__What you have to do__: Give back exactly the lines that start at the one containing "Brig Eagle 340 rib met Suzuki 30 pk 1" and run to the end of the material, leaving out the pictures.

(Dataset extract Opens)

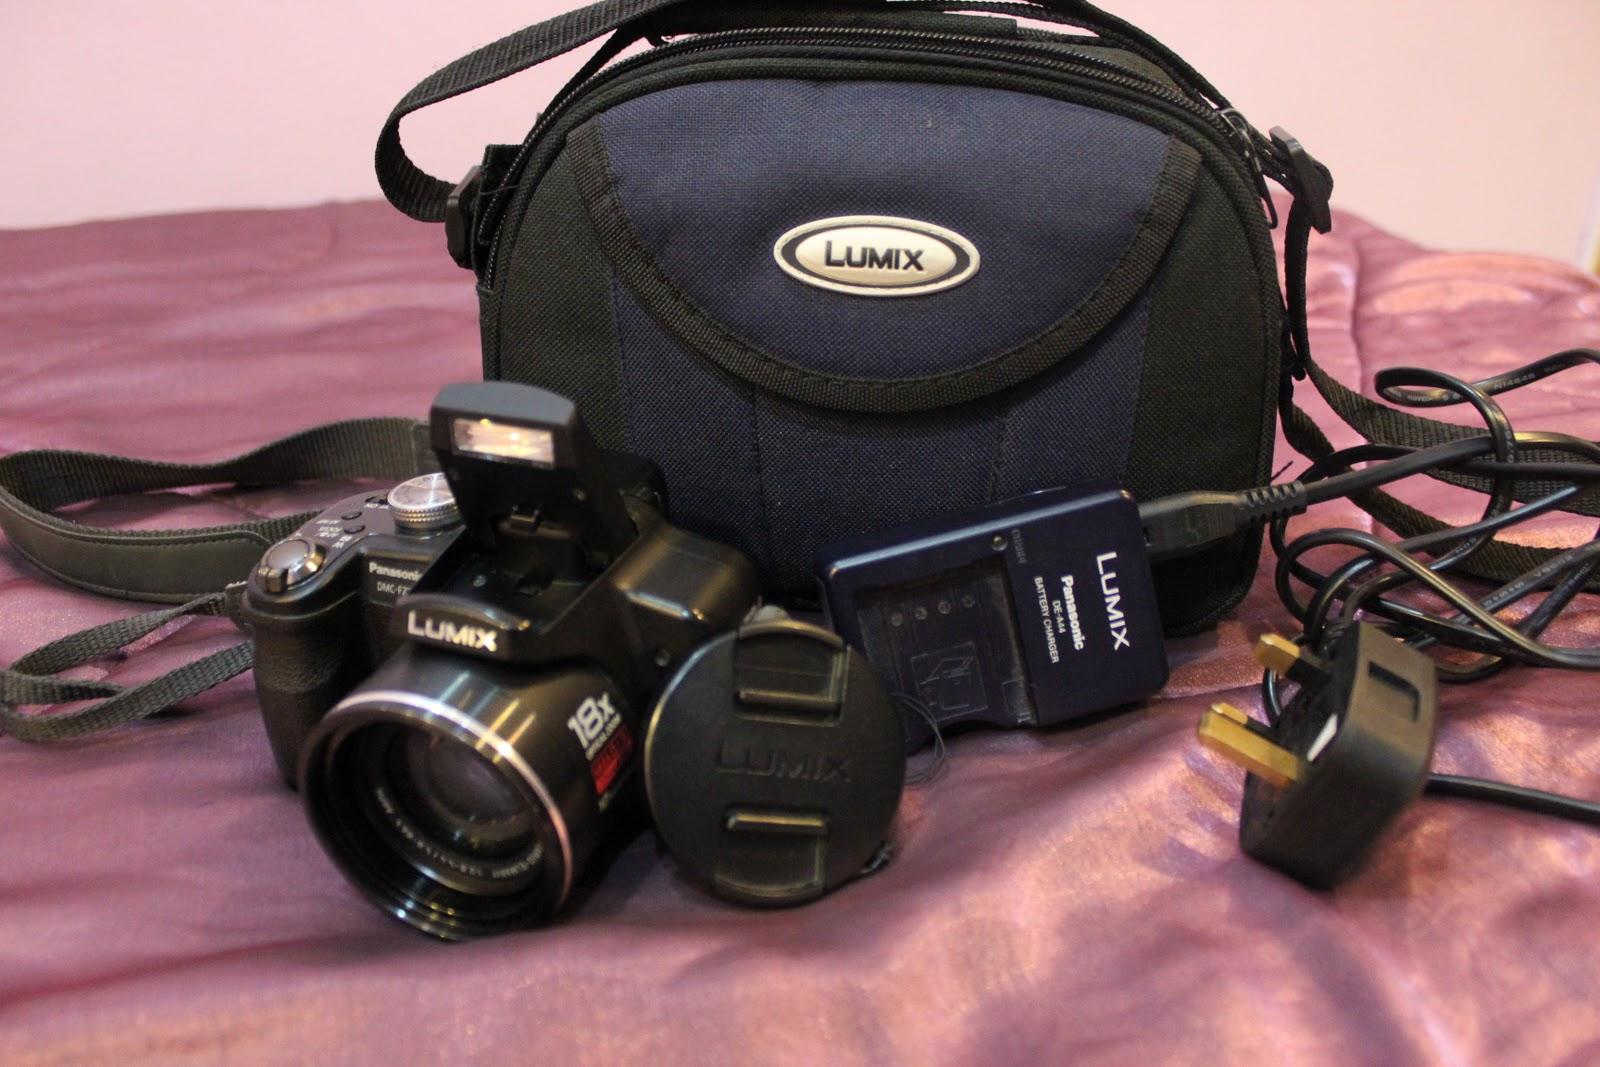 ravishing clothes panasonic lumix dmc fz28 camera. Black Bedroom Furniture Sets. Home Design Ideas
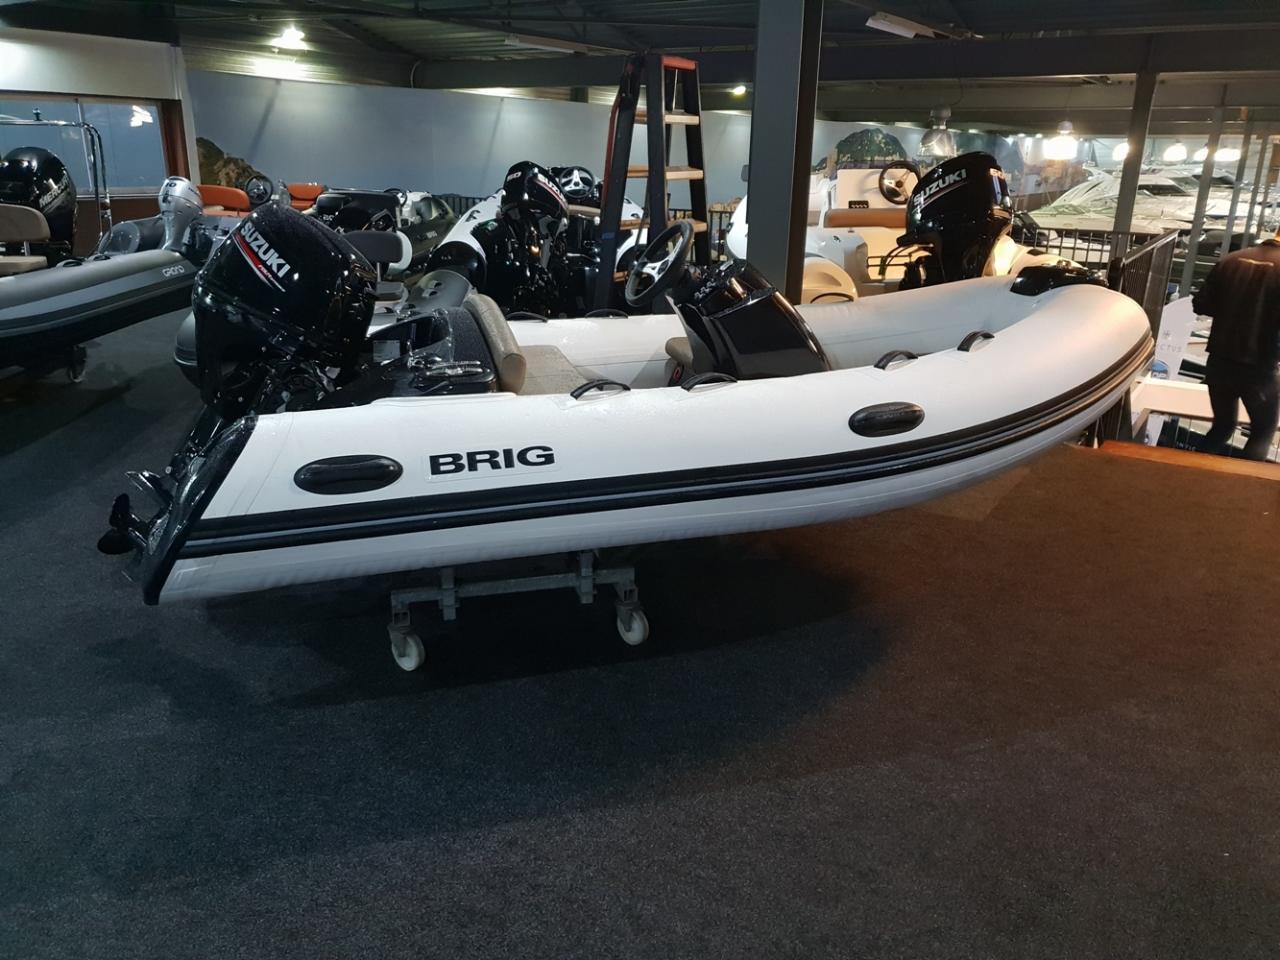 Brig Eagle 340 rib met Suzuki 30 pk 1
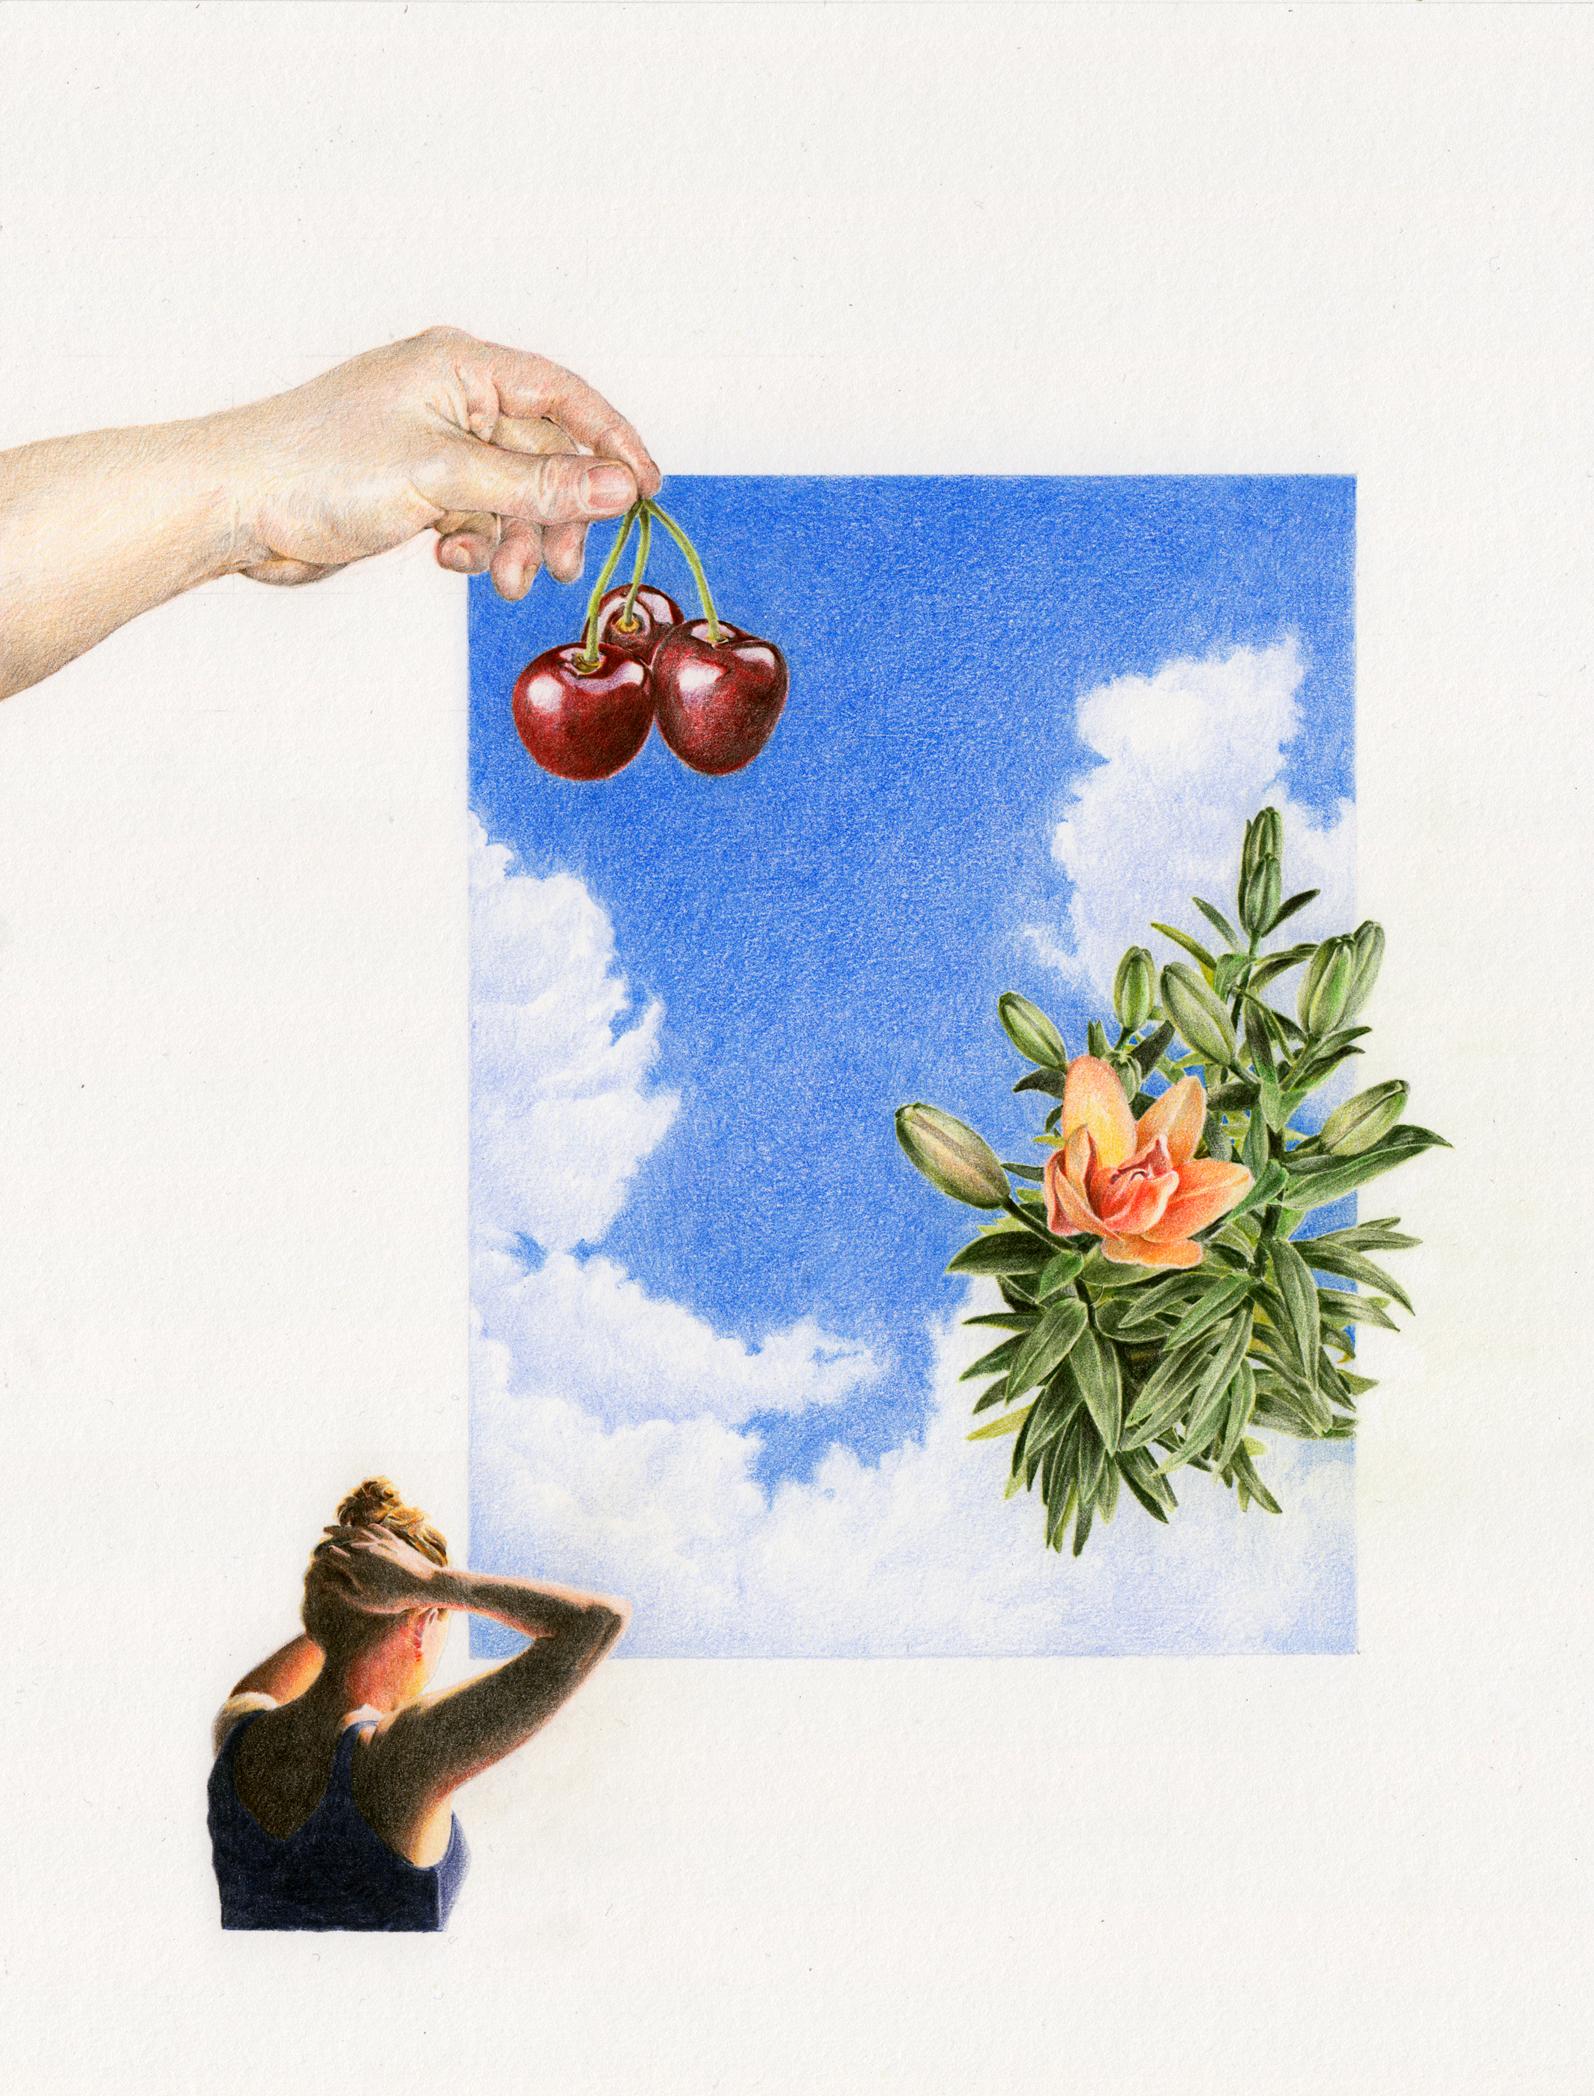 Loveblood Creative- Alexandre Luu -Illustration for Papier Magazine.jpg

(Dataset extract Closes)

__Answer section__:
 Brig Eagle 340 rib met Suzuki 30 pk 1
 Loveblood Creative- Alexandre Luu -Illustration for Papier Magazine.jpg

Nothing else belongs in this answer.